直線へ向くまでに前との差を詰め、出口で並びかければいい。
いつもの競走。
ショウナンラノビアの背が近づいてくる。
1バ身。
半バ身。
向こうもこちらに気づいたのだろう。
脚をいっぱいに使って抵抗する。
けれど、加速度が違う。速度が違う。
まだ私は仕掛けきってすらいないというのに。
4コーナー。
身体を傾けながら、前との距離をさらに詰める。
外から来る気配。
後ろからも何人かが動き始めた。
当然だ。
私が動いた。
ならばここを勝負どころと見る。そうでなければ間に合わない。
けれど、ここから私と同じだけ脚を使える者が何人いるか。
前を見る。
隊列が直線へ向く。
逃げていたショウナンラノビアとブーケフレグランスの間に視界が開いた。
その外側に1人分。十分だ。
そこへ身体を滑り込ませる。
一歩。二歩。
脚へ力を伝える。
捉えた。
横へ並び、そして、そのまま前へ出る。
思っていたよりも、ずっと楽だ。
まだ全力ではない。それなのに前の2人が後ろへ流れていく。
まもなく400のハロン棒が視界に入る。残り450mほど。
先頭に出る。
スタンドが正面に見え、歓声が大きくなる。
いつもの光景だ。
ここから。
前へ出て、速度を上げて。
追ってくる者に必要なだけの差をつける。
何度も繰り返してきた。
今回も変わらない。
そう思ったところで、右後方に影。
誰かと見るまでもない。
脚音で分かる。
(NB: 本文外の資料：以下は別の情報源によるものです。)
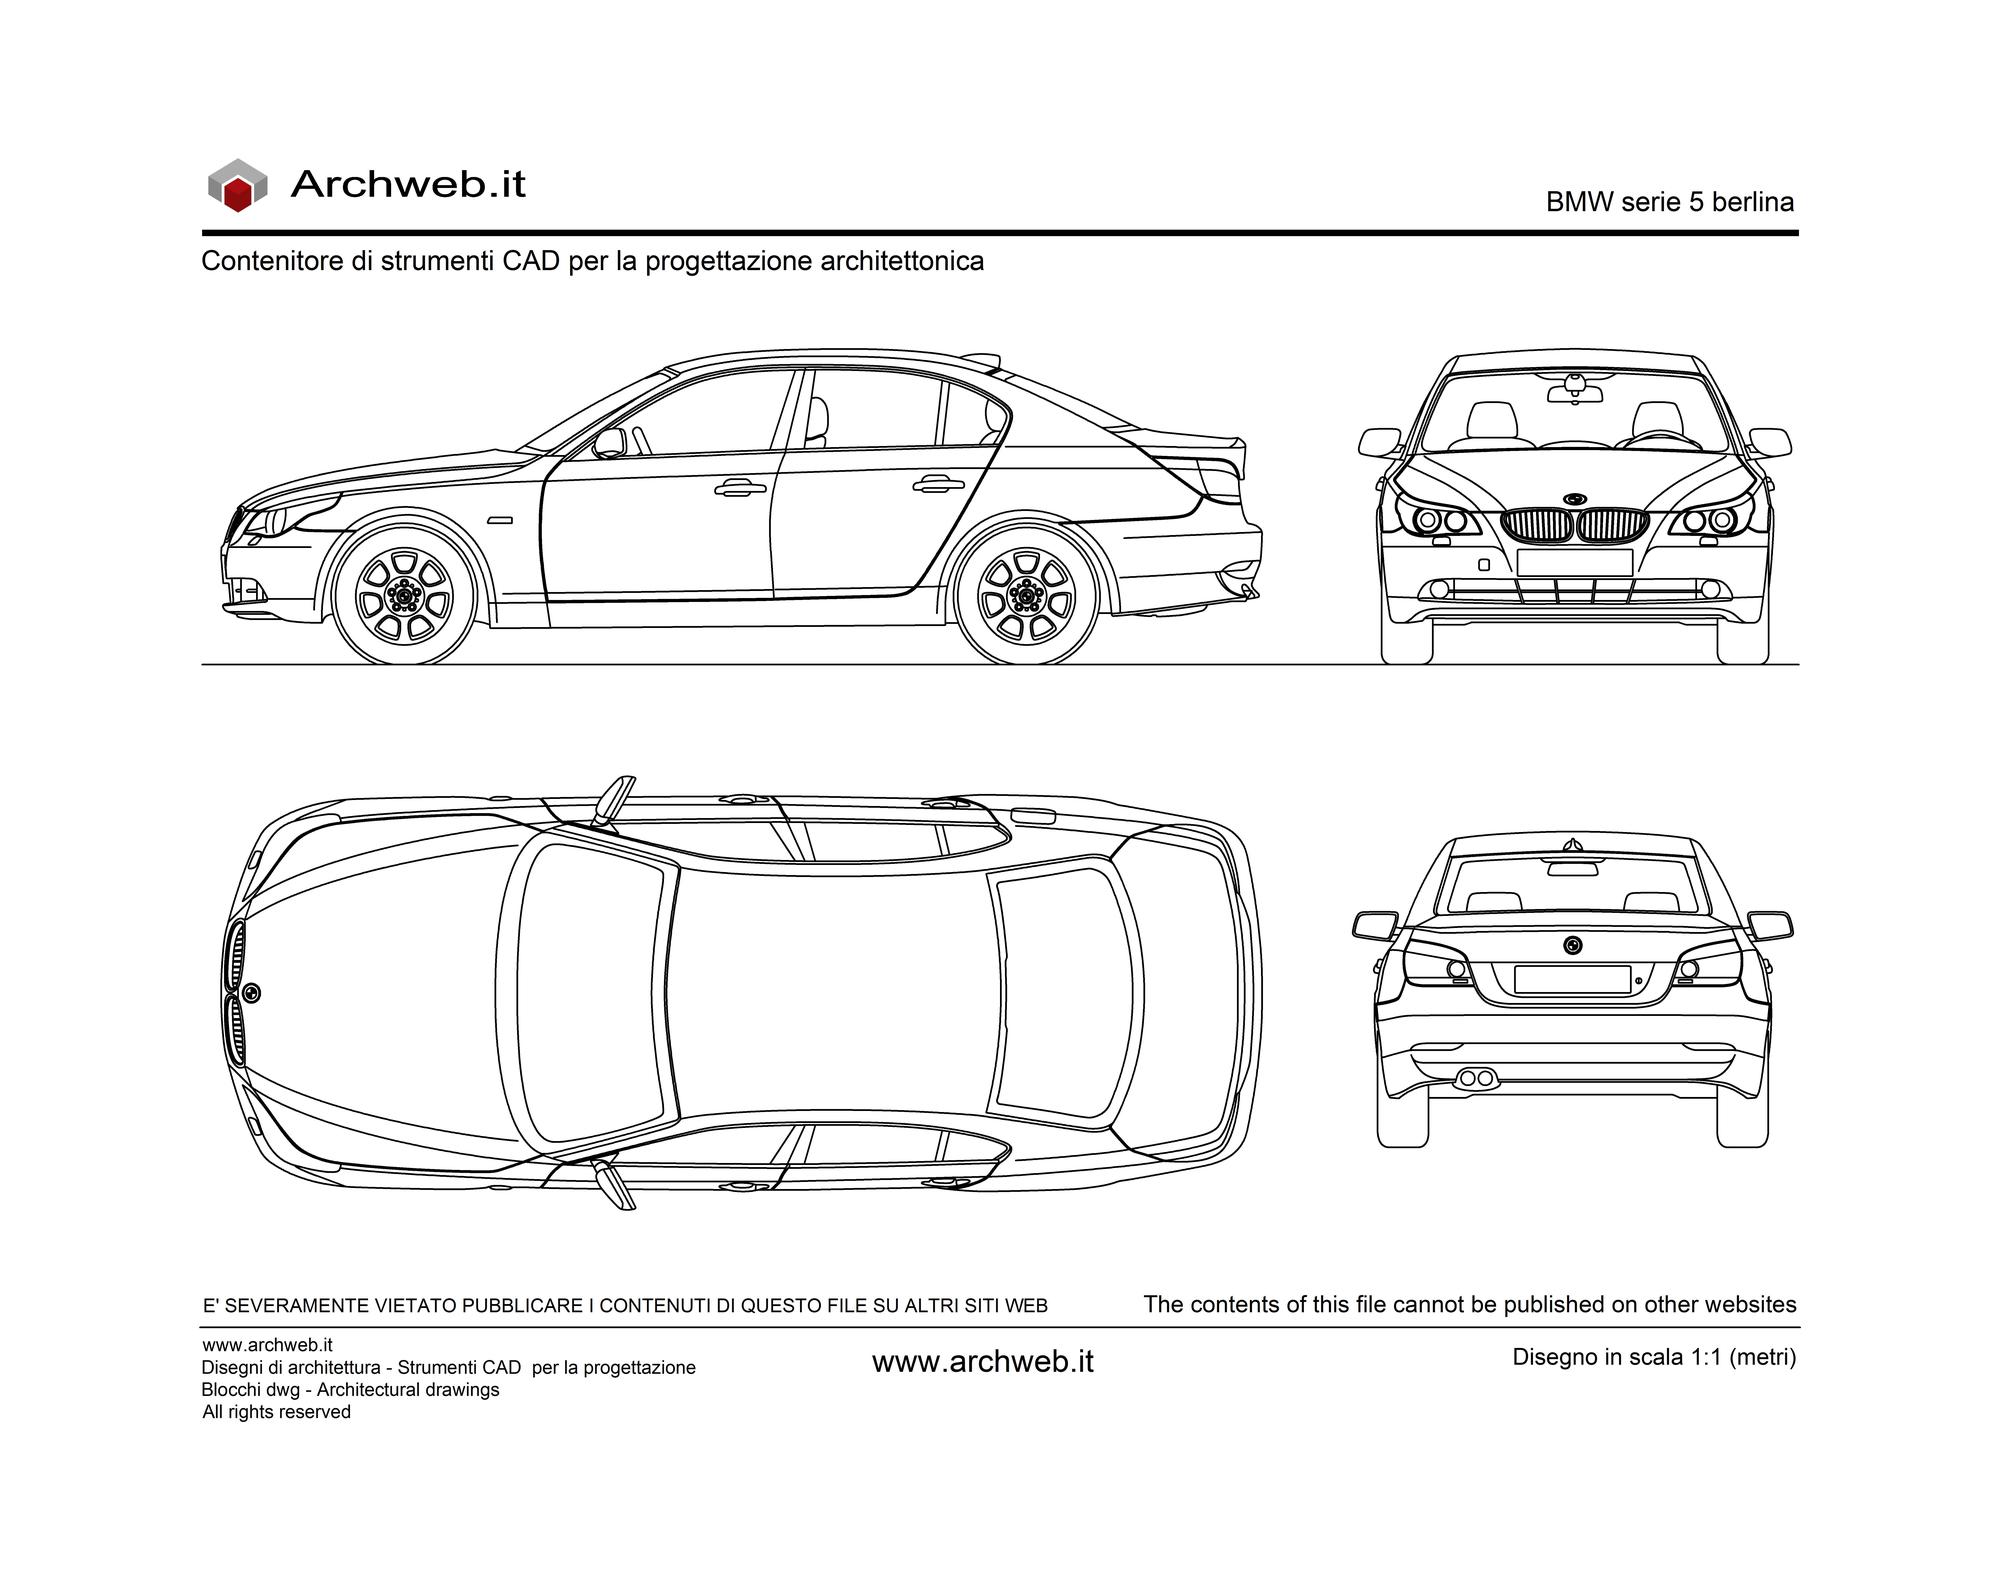 BMW 5 Series Sedan dwg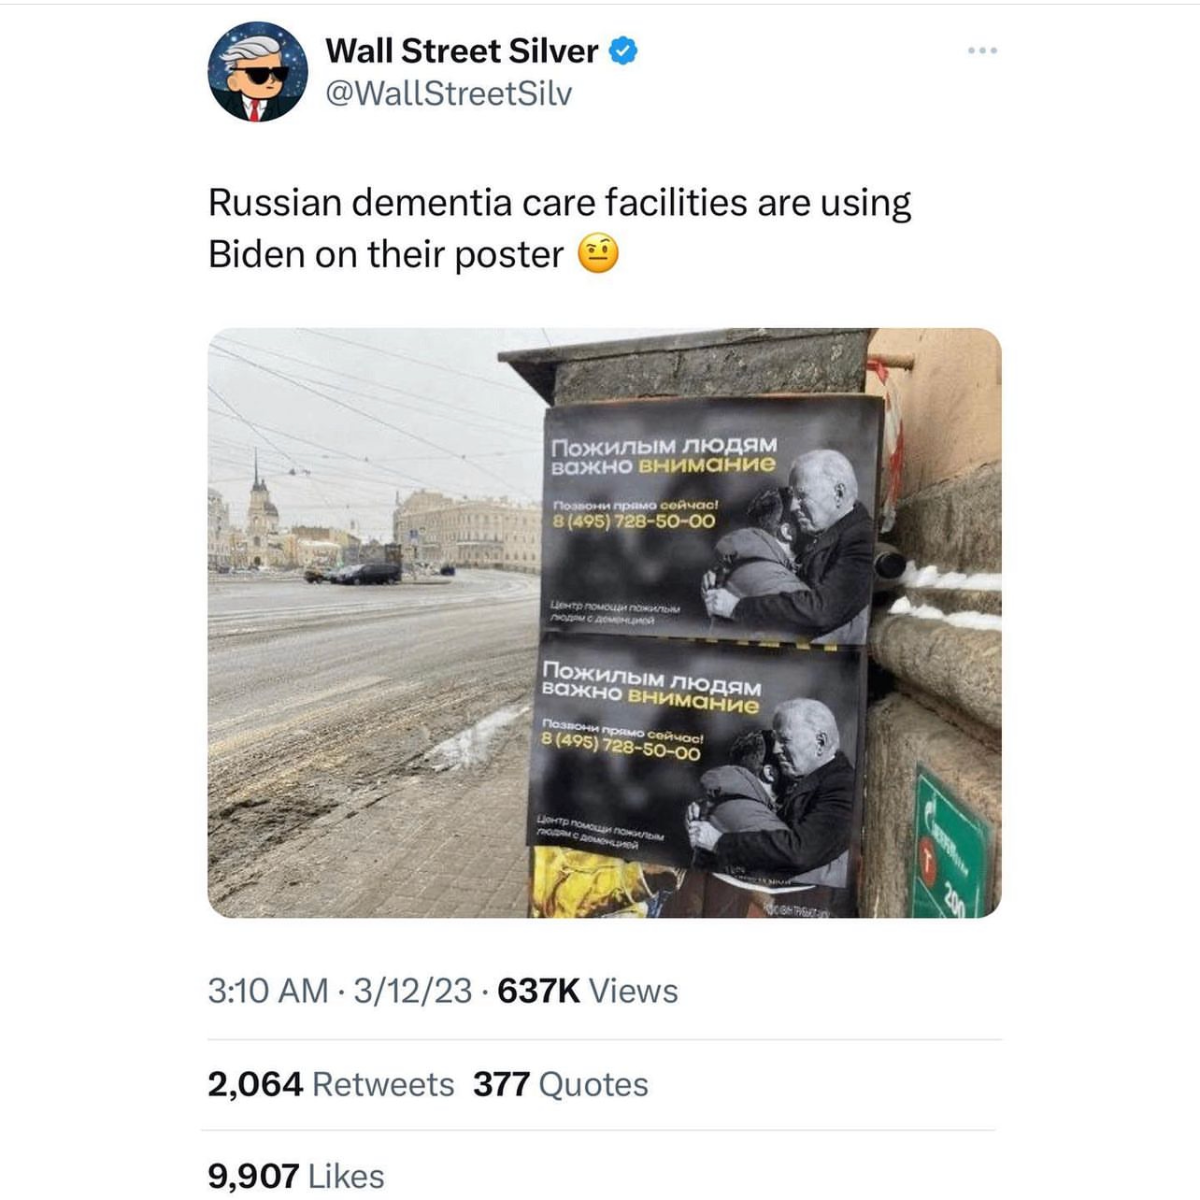 Tweet showing poster in Russia described above.

気配で感じる。
滑らかに、それでいて力強い踏み込み。
そもそも私を捉えうる者など、この場に1人しか居ない。
ウオッカ。
やはり来たか。
4コーナーでは私の後ろにいたはずだ。
そこから、前の集団が開いた外側へ出したらしい。
やはり誰も掣肘できなかったか。まあ当然だ。
振り返らない。その必要はない。
来るとすれば彼女であることなど、最初から分かりきっていた。
残り400。
さあここからだ。
息を一つ吐き、脚を切り替える。
高い速度へ乗せ、そのまま落とさず運び続ける。私の最も得意な走りへ。
体が前に出る。
まだ内側で粘っていたショウナンラノビアの姿が視界から消えた。
これでいい。
私は私の100点を出す。
そのうえで、先にゴールすればいいのだ。